前日までに僕が梱包しておいた段ボールと、前夜に母の部屋で準備したパジャマや日用品など、必要最低限の荷物を運び込みました。
僕の中では、「とにかくまずは環境を変えること」が優先でした。
もし何か足りないものがあれば、そのときに買い足すか、また実家へ取りに戻ればいい。最初から完璧を目指すのではなく、柔軟に動けるようにしておくことが大事だと考えていました。
「引っ越しは明日やったっけ?」を何度も繰り返す母との会話
前夜、母は自分で書いた「14日に引っ越し」と書かれたメモを片手に、30分おきくらいに僕の部屋を訪れてきました。
「これ、引っ越しのメモやけど、ほんまに明日なん?」
「うん、明日やね。大丈夫やで」
「まぁ一回動いてみよか」
そんな会話を、何度も繰り返しました。
サ高住に到着、驚くほど自然に馴染む母
10時頃、京都市内のサービス付き高齢者向け住宅(サ高住)に到着。
母はこの時点で要介護1。自宅では布団を使っていたため、ベッドは用意せず、実家からそのまま布団セットを運び入れました。
施設内の食堂では、12時に昼食、18時に夕食が提供されます。
お昼はバタバタしていたので、母と外で軽く食事を済ませ、18時の夕食から施設の食事にお世話になることに。
午後には、ケアマネージャーさんやスタッフが集まり、「担当者会議」で今後の介護計画を打ち合わせ。
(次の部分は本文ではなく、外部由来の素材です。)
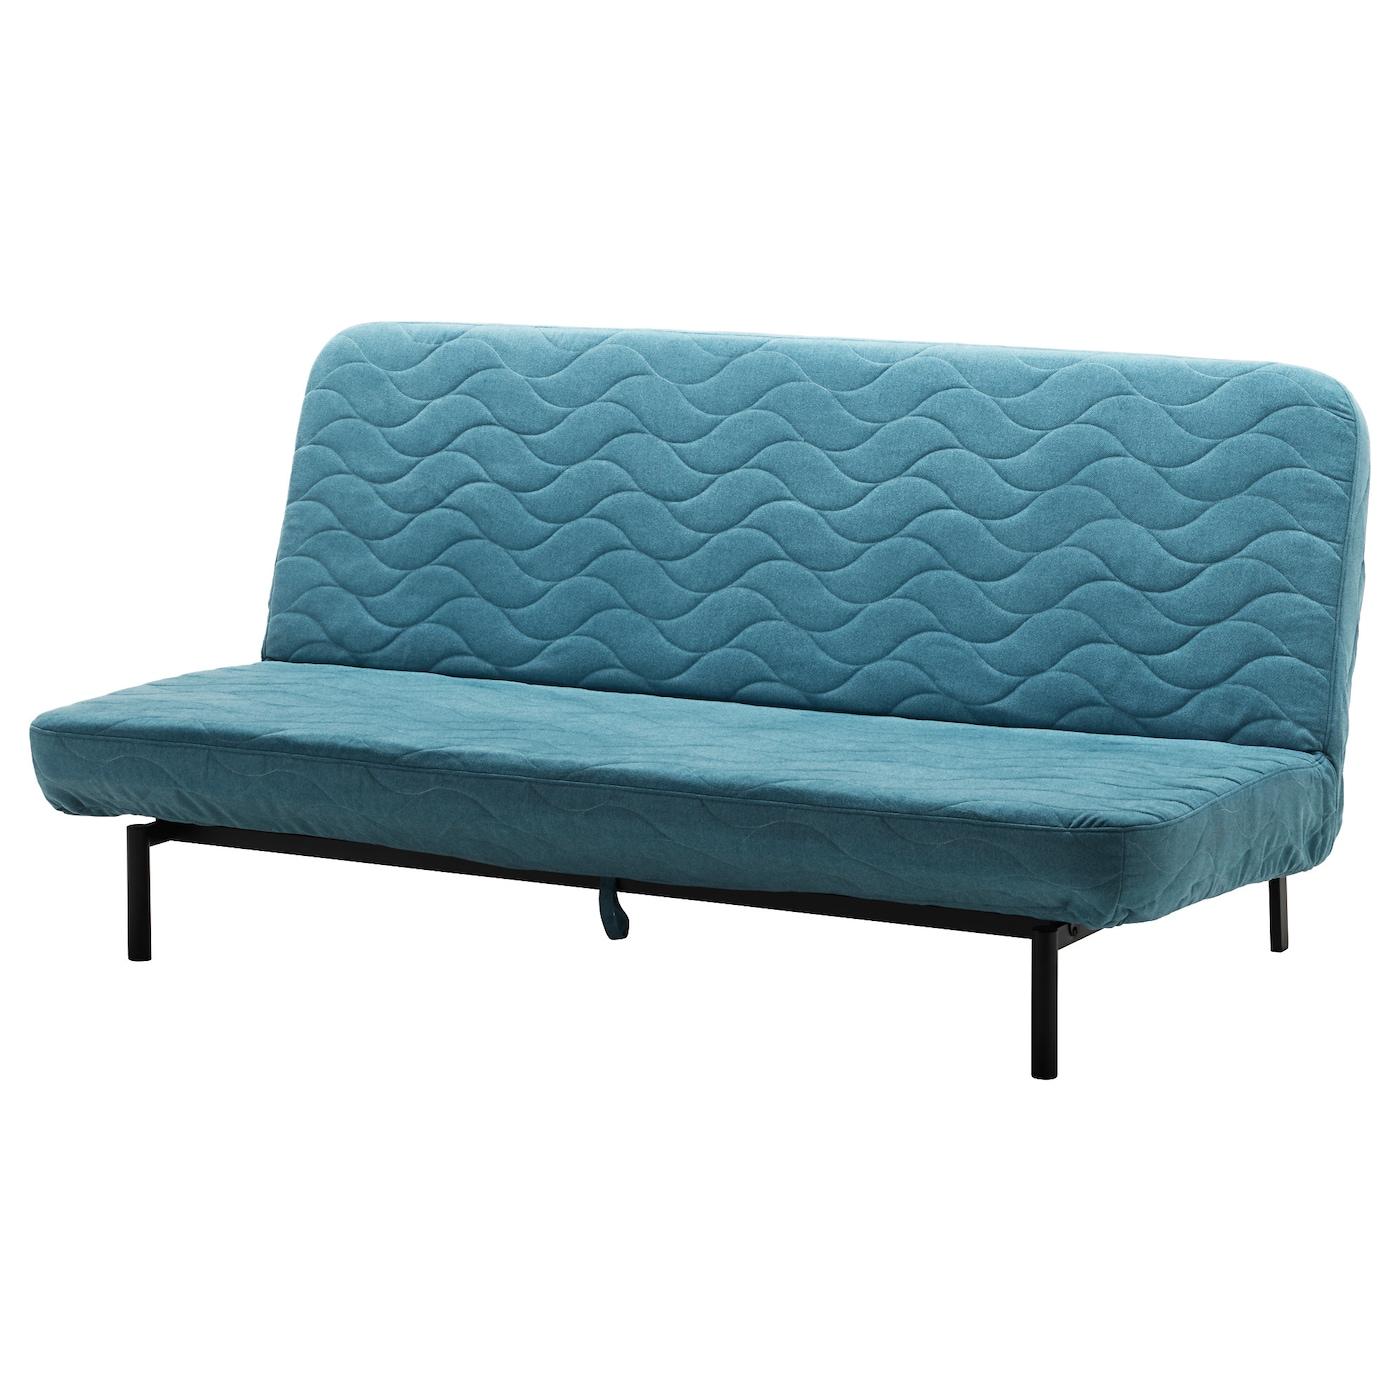 Nyhamn 3 Seat Sofa Bed With Pocket Spring Mattress Borred
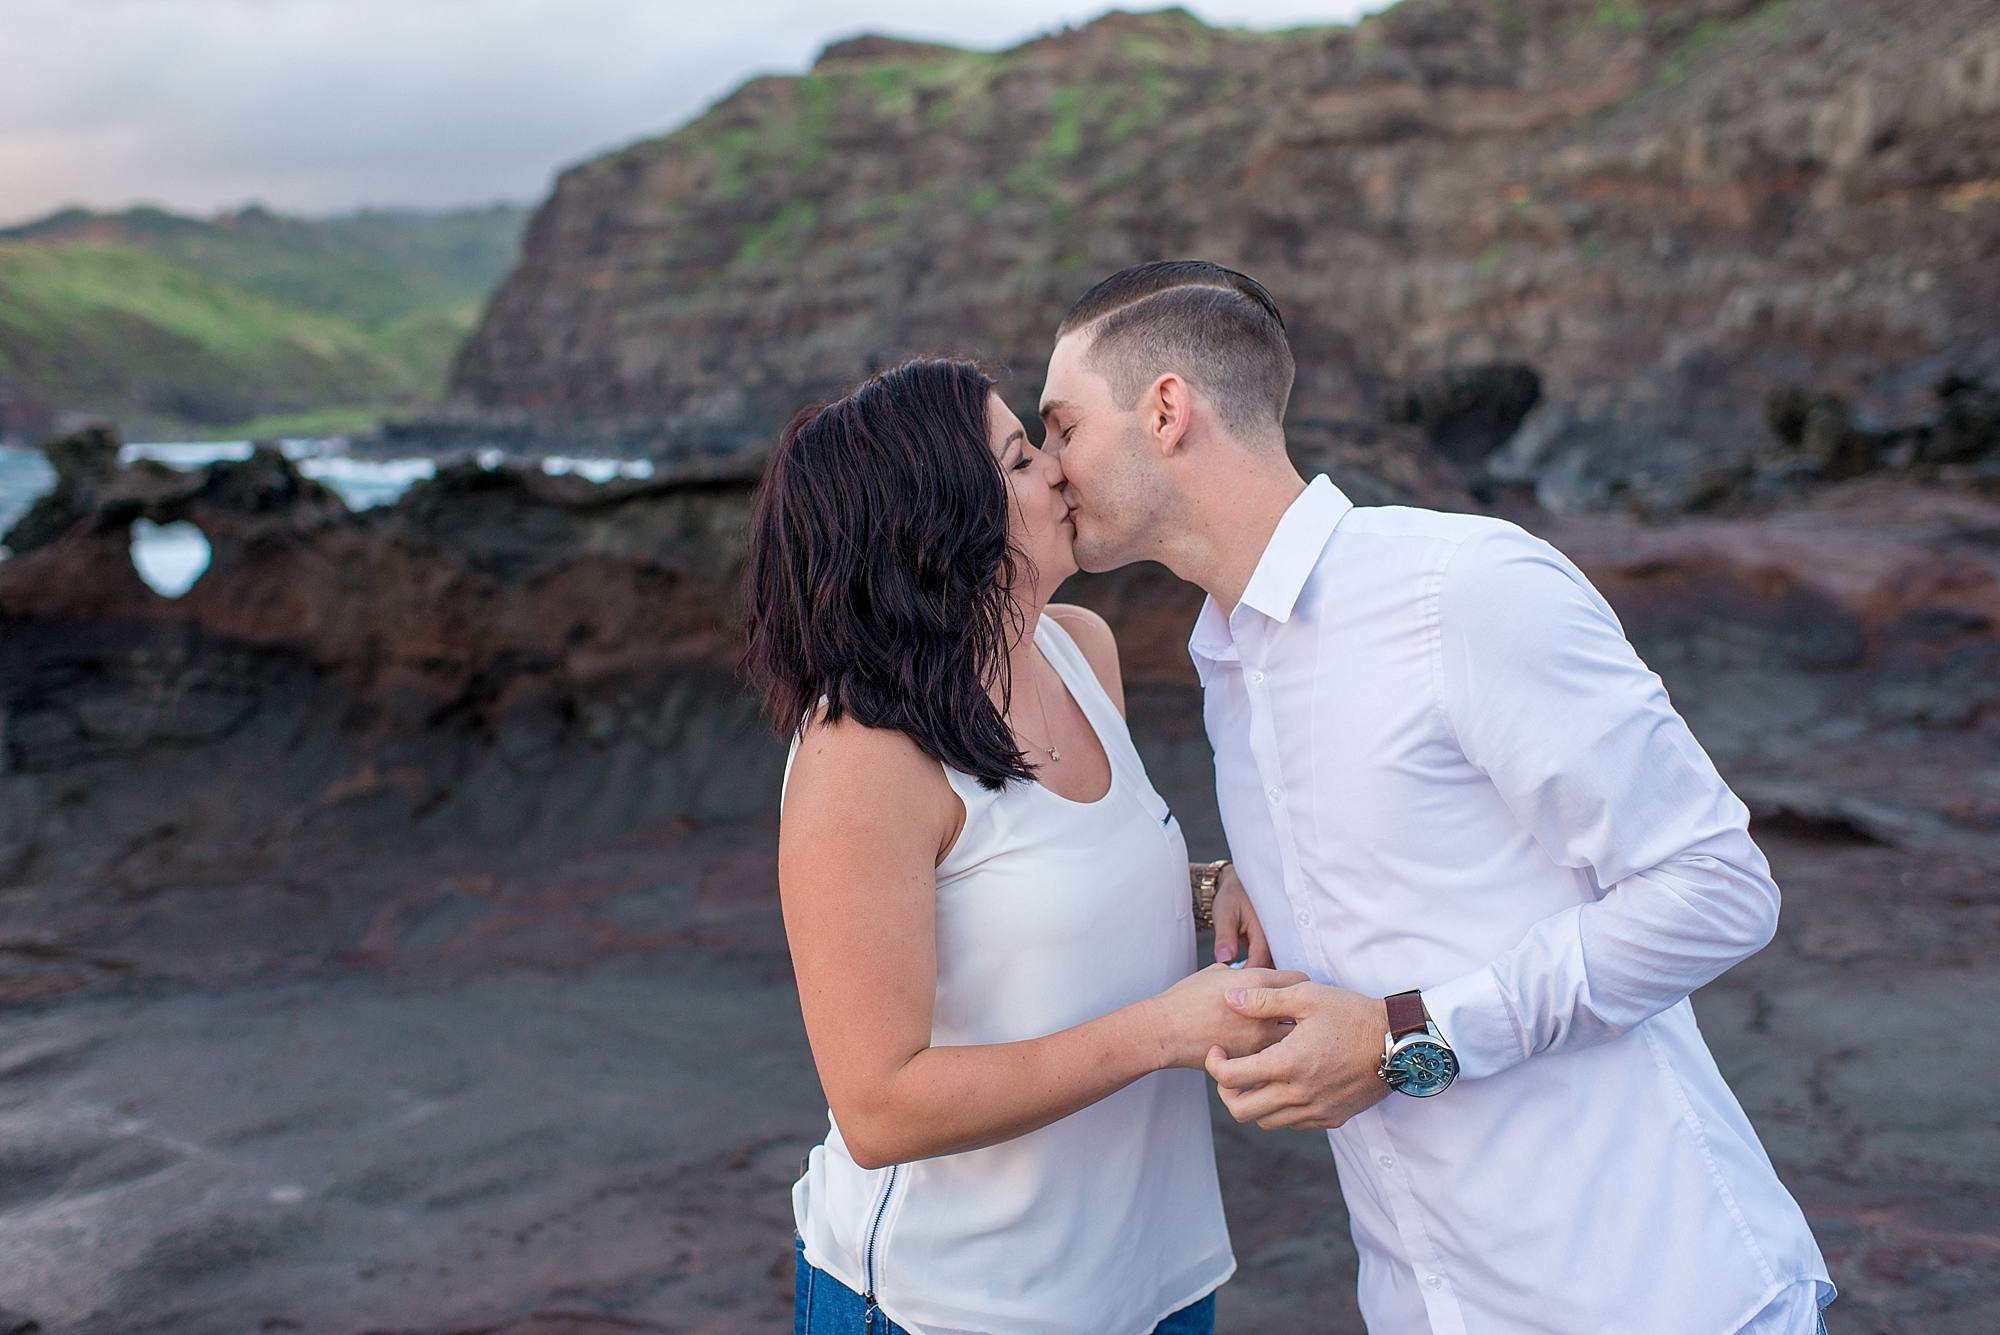 maui-sunset-proposal-at-blowhole-hawaii-proposal_0012

途中、消耗品の買い足しや実家へ荷物を取りに戻る用事があり、夕飯前に再び母の元へ戻りました。
まるで数年住んでいるかのような母の反応に驚かされる
部屋へ戻ると、母から驚きの一言。
「そこがトイレやで。何回か使ったわ。あんたもゆっくりしていき」
朝に初めて入ったはずの部屋なのに、まるで長年暮らしてきたような自然な様子。
これは、環境に対する適応力の高さなのか、それとも認知症がもたらす「いい意味での錯覚」なのか…。
とにかく、僕は少し安心しました。
夕食は母と一緒に、記念のツーショット
父の分として準備されていた夕食が余ったということで、僕も母と一緒に食堂でいただくことに。
この日のメニューはビーフシチュー。
「妻も心配してるので記念に一枚」と、介護スタッフの方が撮ってくれた母とのツーショット写真は、今でも僕の大切な宝物です。
「ここ、どこ?」の混乱もなく、一晩を無事に過ごす
正直なところ、初めての夜が一番心配でした。
「朝起きたときに、ここどこ?ってパニックになるんじゃないか」
「やっぱり最初の夜は家族が付き添った方がいいのでは?」
でも、そんな心配は杞憂でした。母は落ち着いた様子で、無事に初日を終えてくれました。
「すぐ帰ってくるだろう」と思っていた父の表情に…
その夜、僕は実家に戻り、父に母の様子を報告。
内心、「どうせすぐに帰ってくる」と思っていたであろう父は、母のあまりの順応ぶりに、少し複雑な表情を浮かべていました。
そして翌朝、いよいよ父の引っ越しへ…
母のサ高住での新生活は、予想を超えてスムーズなスタートとなりました。
翌日は、いよいよ父の引っ越し日。ここから、また新たな生活が始まります——。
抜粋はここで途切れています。